After several months of tests, Danielle was finally approved to donate her kidney to her daughter, a decision she never once thought about beyond the fervent hope she would be a match. Then, in 2015, when Mackenzie was 10, her one remaining kidney was replaced with one of her mother’s.
Saying Danielle was anxious to see her daughter the day after the operation is an understatement. “I was chomping at the bit,” she declares. When she finally was wheeled into her daughter’s room, she remembers how perky she looked. “Certainly much perkier than I did.”
The next two years were important ones, filled with doctor’s visits and tests as always, but ones in which Mackenzie began to grow in a way that satisfied her medical team, as well as her family. After the appointments became less frequent and the recovery more of a nice, stable status quo, Mackenzie remembered something Melissa had talked to the family about just before the operation: the opportunity to go on the trip of her choosing, thanks to an organization called Toby’s Dream.
Life is but a dream
Toby’s Dream Foundation rewards kids who’ve suffered a life-threatening illness—transplants fit this criteria—with a vacation anywhere in the U.S. “It gives them something to look forward to,” explains Melissa, who’s helped many families connect with Toby’s Dream. “And to know that there are people out there who care for you and want to do special things for you without even knowing you.”

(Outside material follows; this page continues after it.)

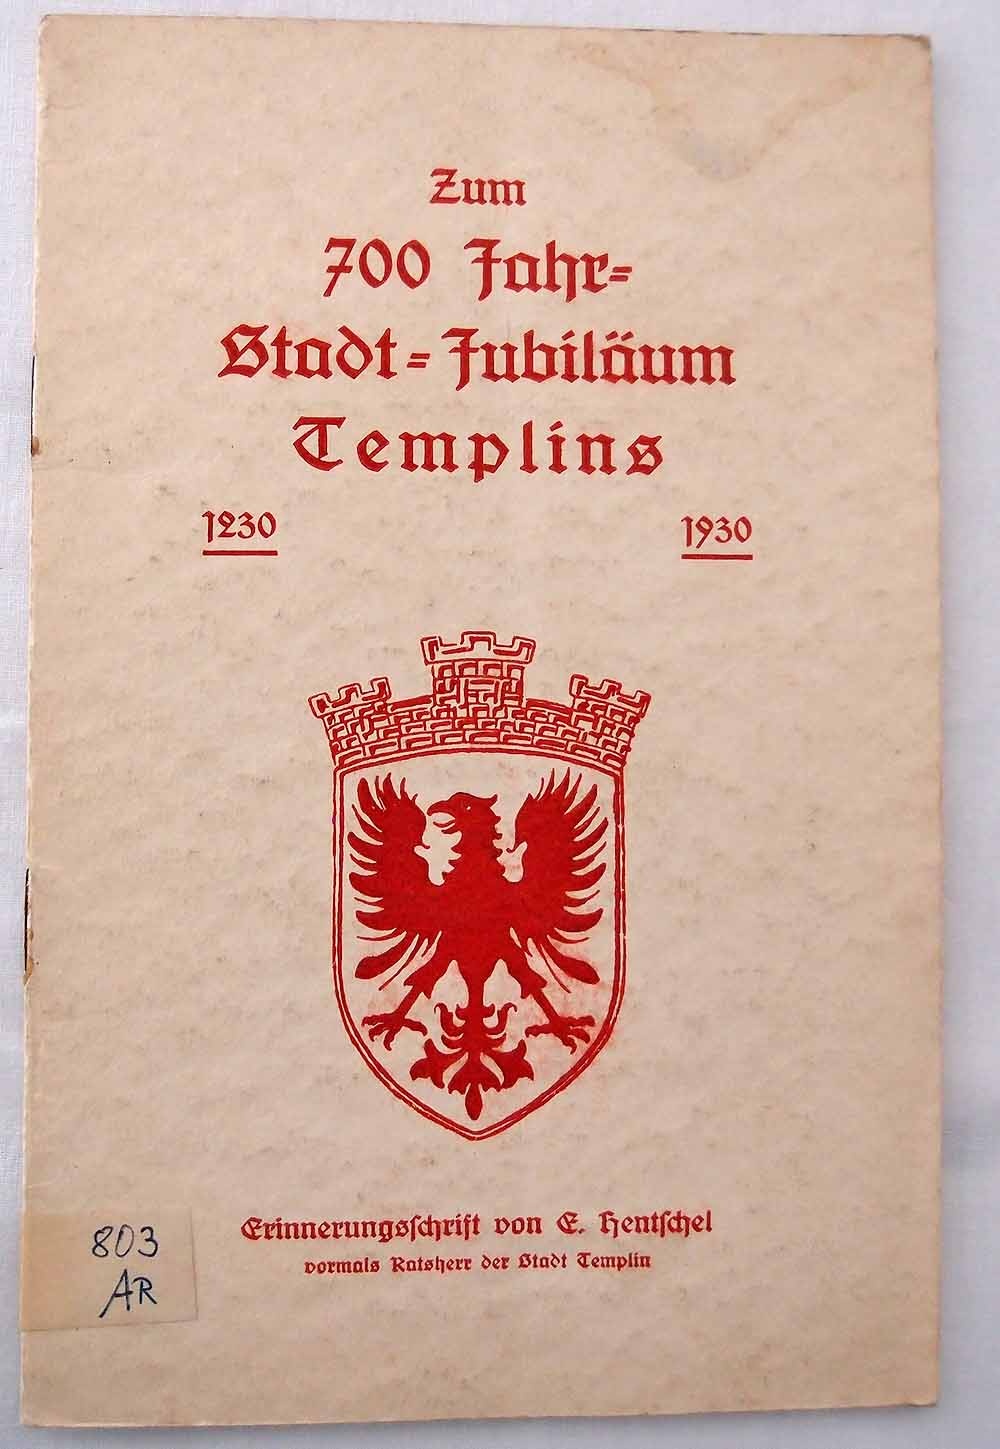 Zum 700-Jahr-Stadt-Jubiläum Templins 1230 - 1930 (Museum für Stadtgeschichte Templin CC BY-NC-SA)

Mackenzie and Danielle were again chomping at the bit, but this time to focus on something that
wasn’t blood work or test results. After much deliberation, Mackenzie, now 12, decided she’d like to see Hollywood. “We’re on the East Coast and California is on the West,” Mackenzie says. “This isn’t a place we’d normally get to go to since it’s so far away, and I wanted to go because it seems like a cool place to be.”
She admits with a laugh that she was hoping to run into some of her favorite YouTube stars, but was content with shopping on Rodeo Drive, taking a celebrity house tour, seeing the Hollywood Sign, and, her favorite part, riding the rides at Universal Studios. The icing on Mackenzie’s cake was a gift basket full of cosmetics waiting for her in her Los Angeles hotel room. One day, perhaps she’ll be back in Hollywood, debuting her own makeup line or applying it to the stars.
“This isn’t a place we’d normally get to go to since it’s so far away, and I wanted to go because it seems like a cool place to be.”
For now, Mackenzie is happy to be a little girl in Virginia, giggling over her older brother’s recent and, to her, needlessly dramatic run-in with a hedge clipper that gave him a nasty cut on his finger. “I’ve had my stomach cut open and glued back together,” she tends to remind him cheerfully.
Neither she nor her mother mind the trip to Norfolk every couple of months to check in with her doctors—it’s a small price to pay for feeling so good. And anyway, now Dr. Restaino, Melissa Waide, and the rest of the team feel like family.
According to Melissa, that feeling is completely mutual.